For this exercise, write out only the lines of the entries below from the one with "5135800AA - Genuine Mopar WIRING" up to and including the one with "Demdaco Willow Tree", exactly as they are. Pictures stay out.

(Entries provided Opens)

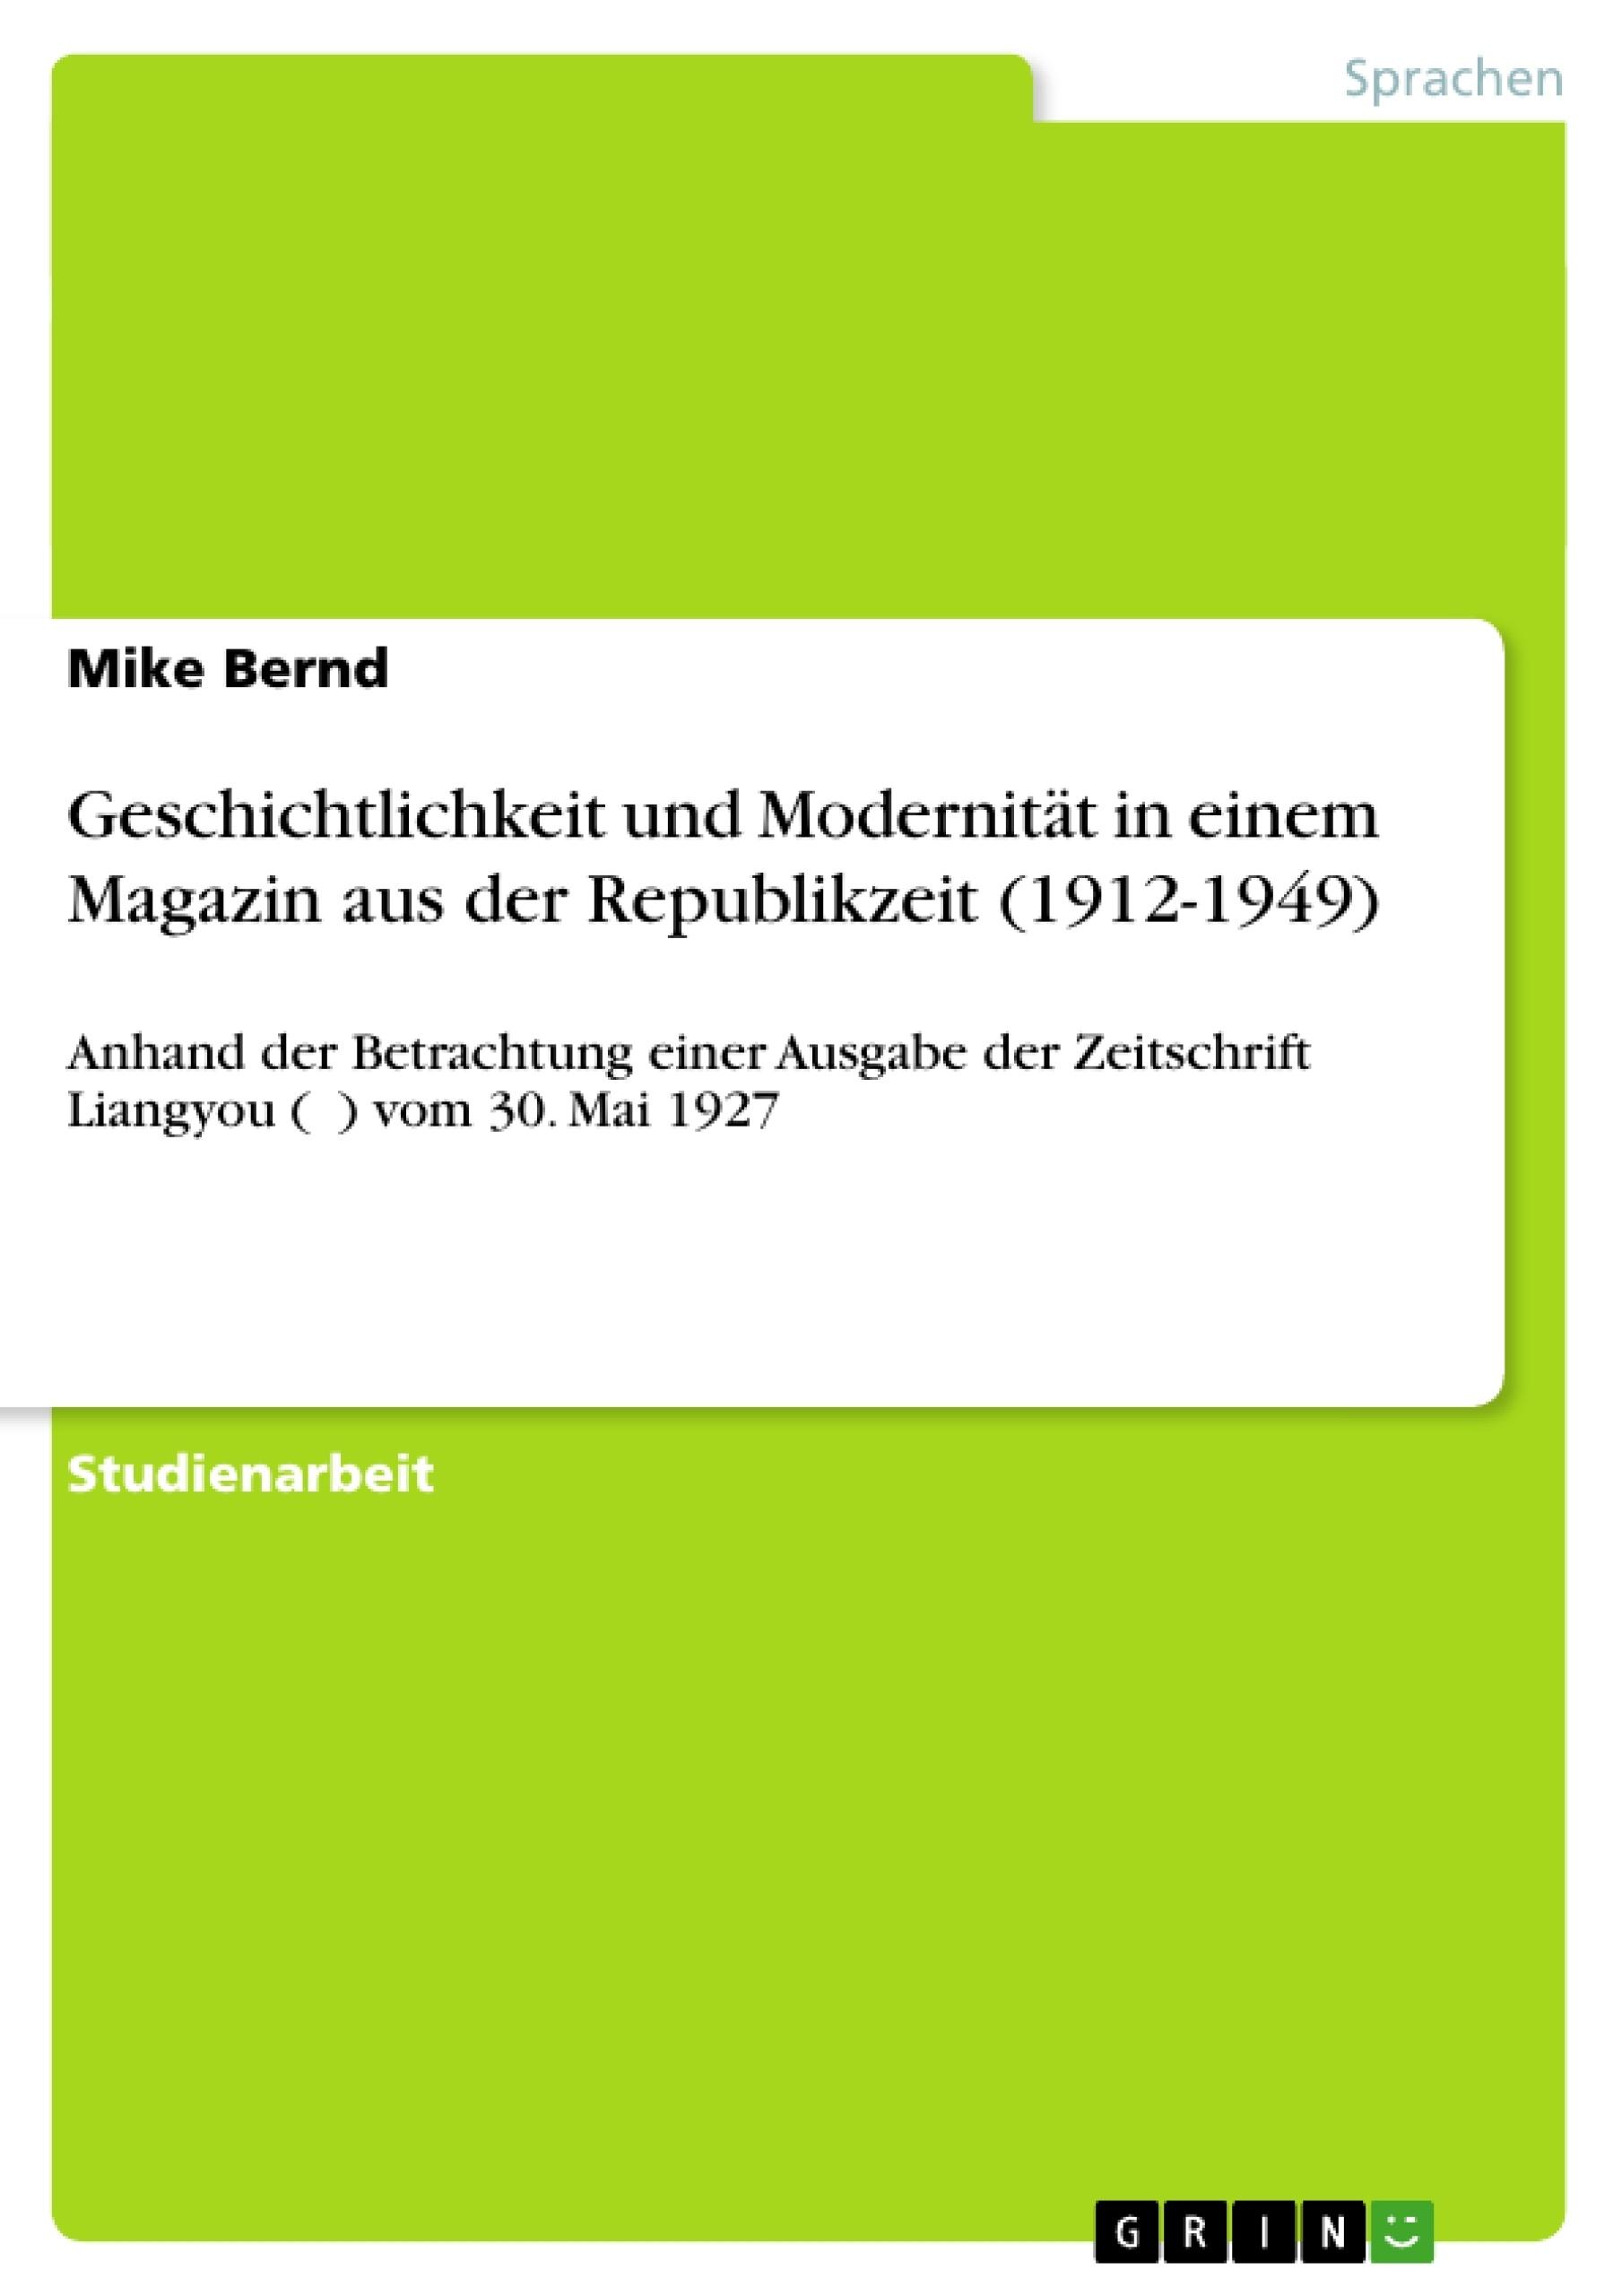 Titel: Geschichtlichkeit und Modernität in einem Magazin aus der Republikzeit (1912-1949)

(Entries provided Closes)
(Entries provided Opens)

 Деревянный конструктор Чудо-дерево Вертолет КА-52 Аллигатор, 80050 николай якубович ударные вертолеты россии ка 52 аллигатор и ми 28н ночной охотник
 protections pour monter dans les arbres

(Entries provided Closes)
(Entries provided Opens)

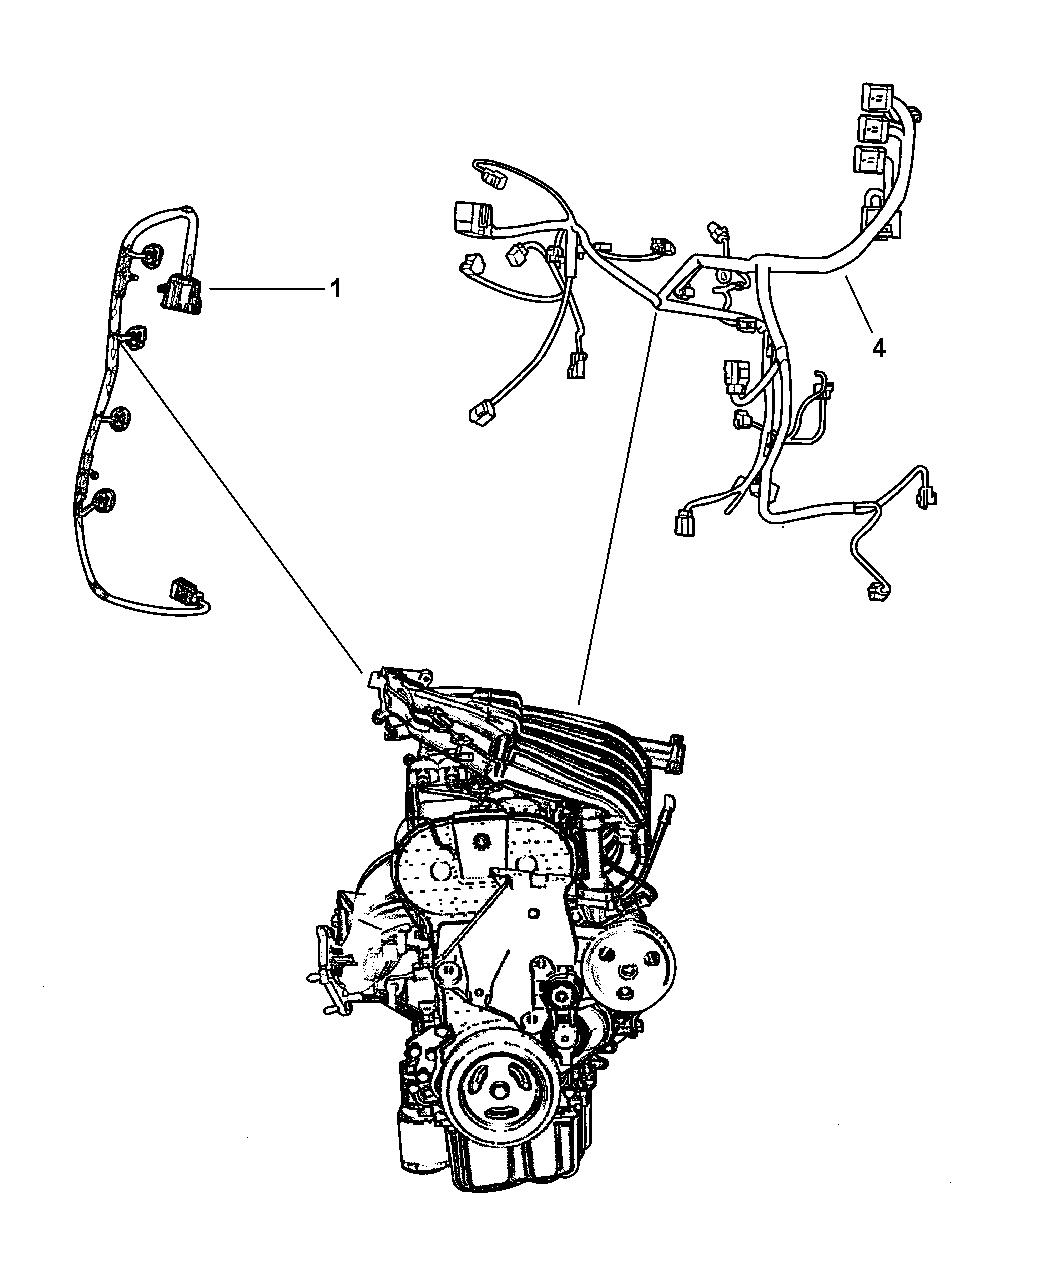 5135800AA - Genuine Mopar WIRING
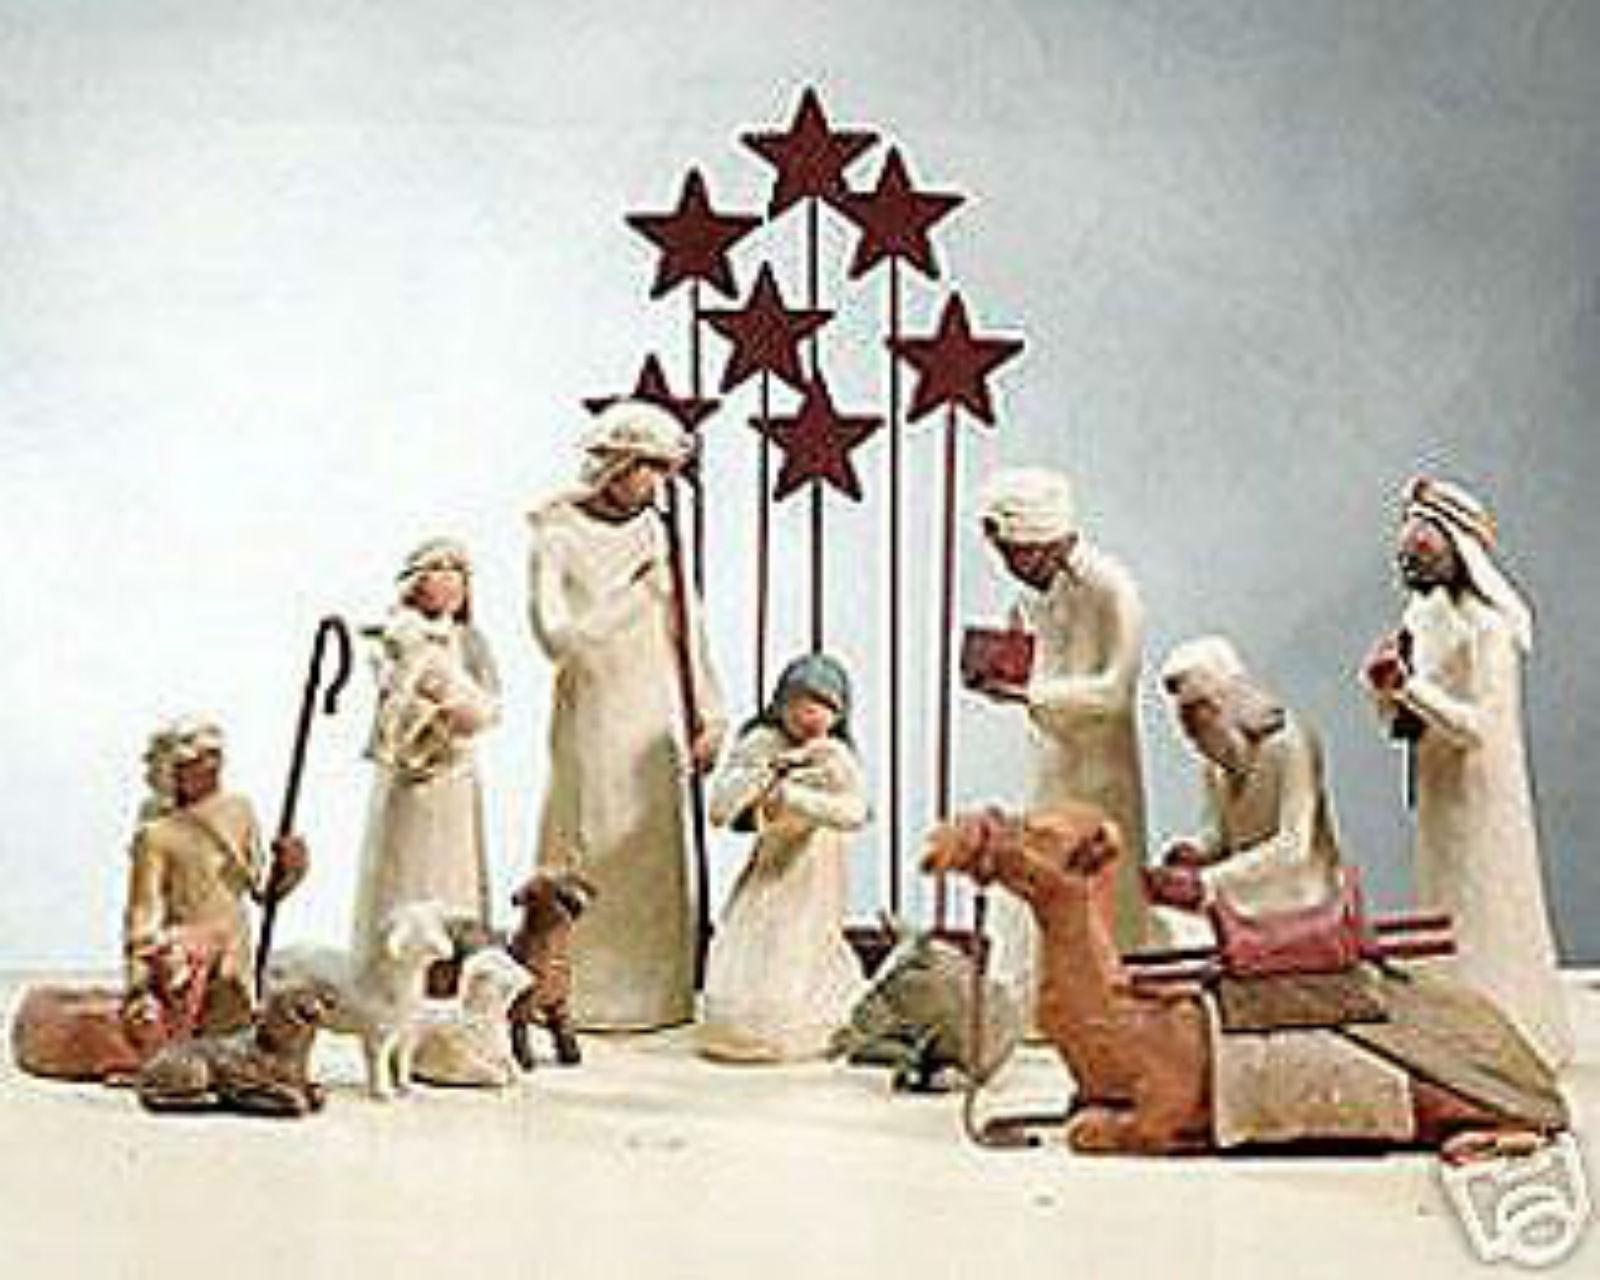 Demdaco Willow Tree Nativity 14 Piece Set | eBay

(Entries provided Closes)

Written solution:
 5135800AA - Genuine Mopar WIRING
 Demdaco Willow Tree Nativity 14 Piece Set | eBay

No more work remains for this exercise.